Altro problema poi il modo in cui l’attuale politica che cerca in tutti i modi di rendere “illegale” la condizione dei migranti, e “consente a cooperative, imprese e privati di sfruttare tale condizione in ambito lavorativo”. La connessione tra razzismo e istituzionale e sfruttamento è il nodo attorno a cui si gioca la partita; un campo esemplificativo è quello della logistica, in cui si sono verificati casi che evidenziano la precarietà cui sono costretti: la legge Salvini infatti ha reso reato la possibilità di scioperare davanti al luogo di lavoro attraverso il blocco stradale.
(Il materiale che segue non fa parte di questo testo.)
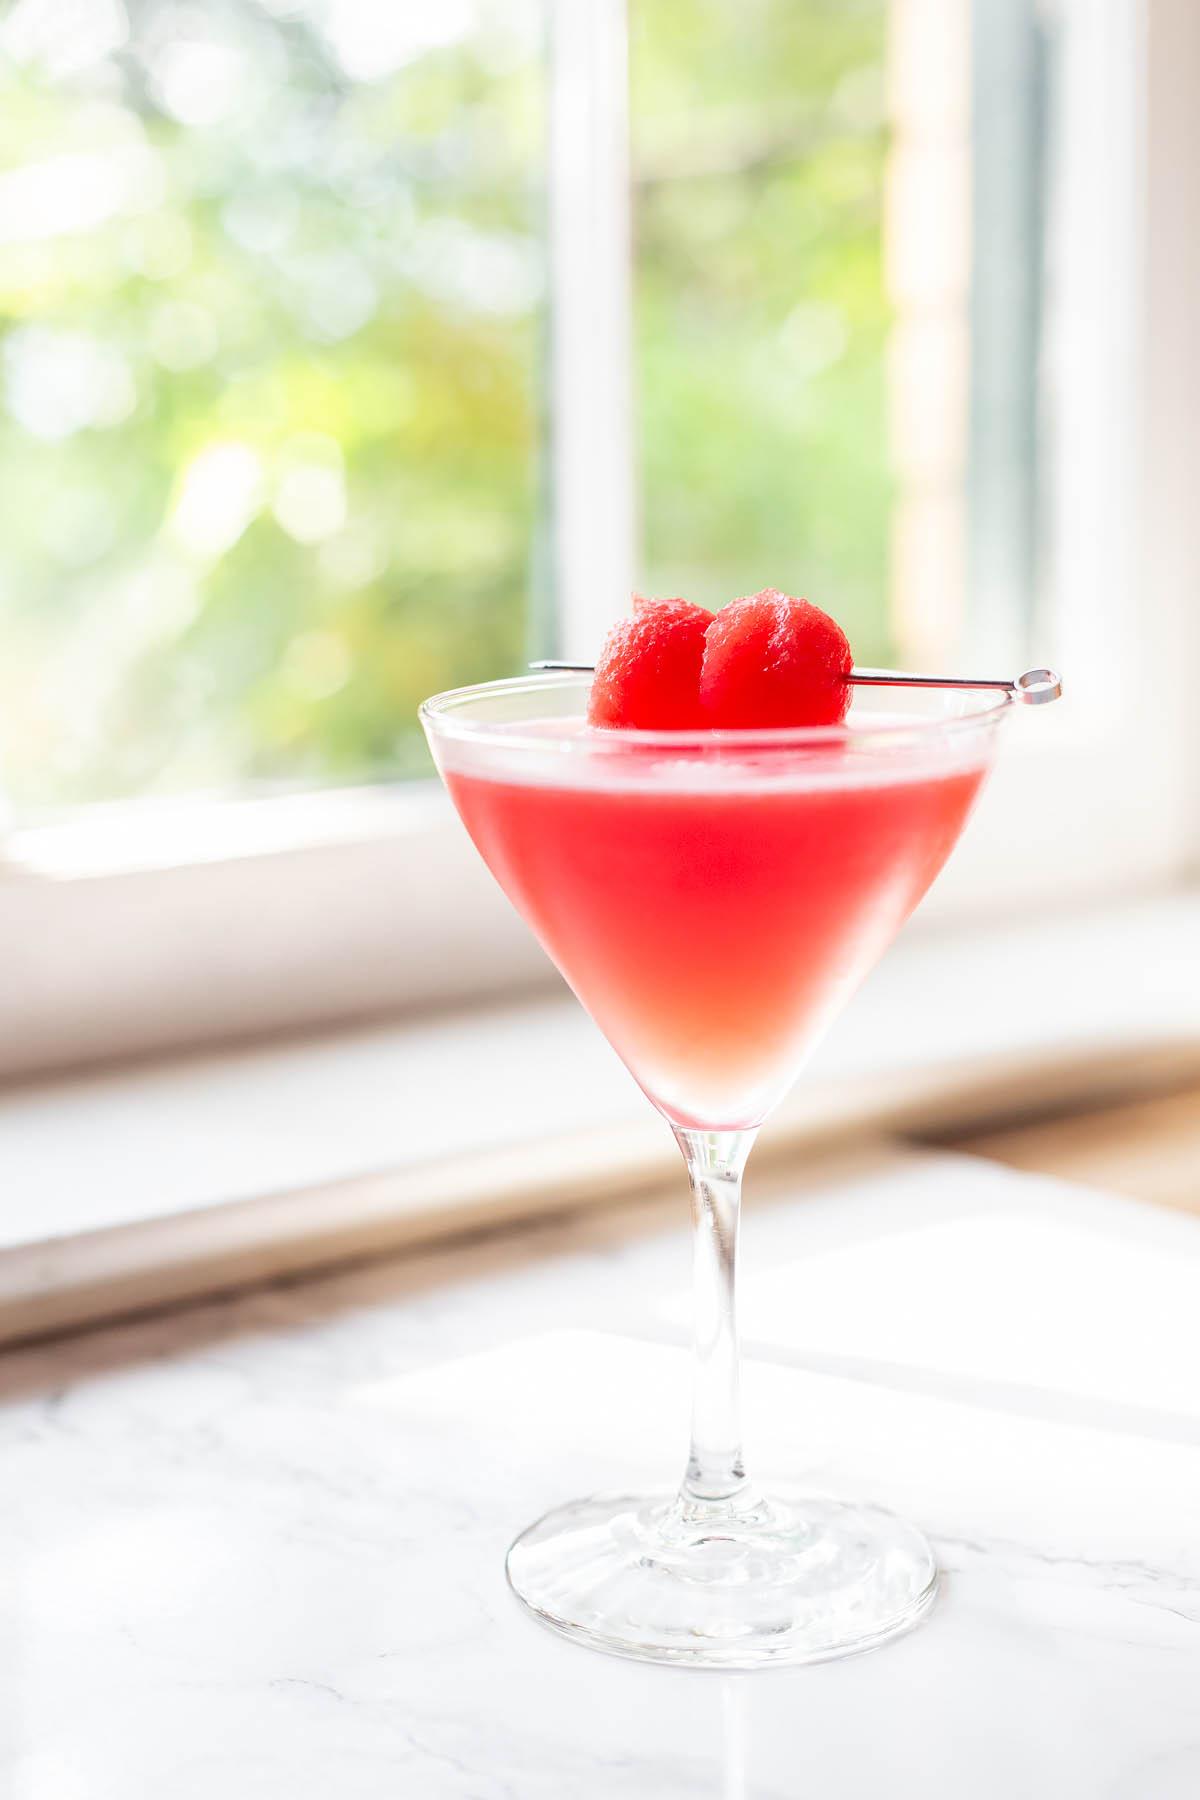 watermelon martini in a glass

Al di là di questo c’è sempre la legge Bossi-Fini, legge di cui si parla ormai poco ma che attraverso il reiterato controllo sui permessi di soggiorno da rinnovare relega i migranti a doversi adeguare alle condizioni di estrema precarietà che gli sono imposte: contratti di brevissima durata, salari bassi, spostamenti improvvisi da un magazzino ad un altro. In una parola, precarietà. Il datore di lavoro quindi, che va dalla grande azienda nel campo della logistica, a chi possiede terreni coltivati di frutta e verdura (il caporalato non è un fenomeno che si esaurisce ad agosto nelle campagne pugliesi), sono favoriti dal sistema politico e legislativo.

Nelle parole degli organizzatori infine emerge anche la preoccupazione e la rabbia nei confronti degli “episodi di razzismo istituzionale e non”, che trasformano quella che dovrebbe essere una condizione di insicurezza causata dai migranti in una condizione generale e perenne di insicurezza dei migranti stessi; di coloro che tutti i giorni si recano al lavoro senza essere sotto gli occhi dei riflettori. E l’ultima parola di Mohamed, che ricorda Mimmo Lucano come figura di riferimento e speranza, per un’idea di politica e accoglienza “diversa e possibile”.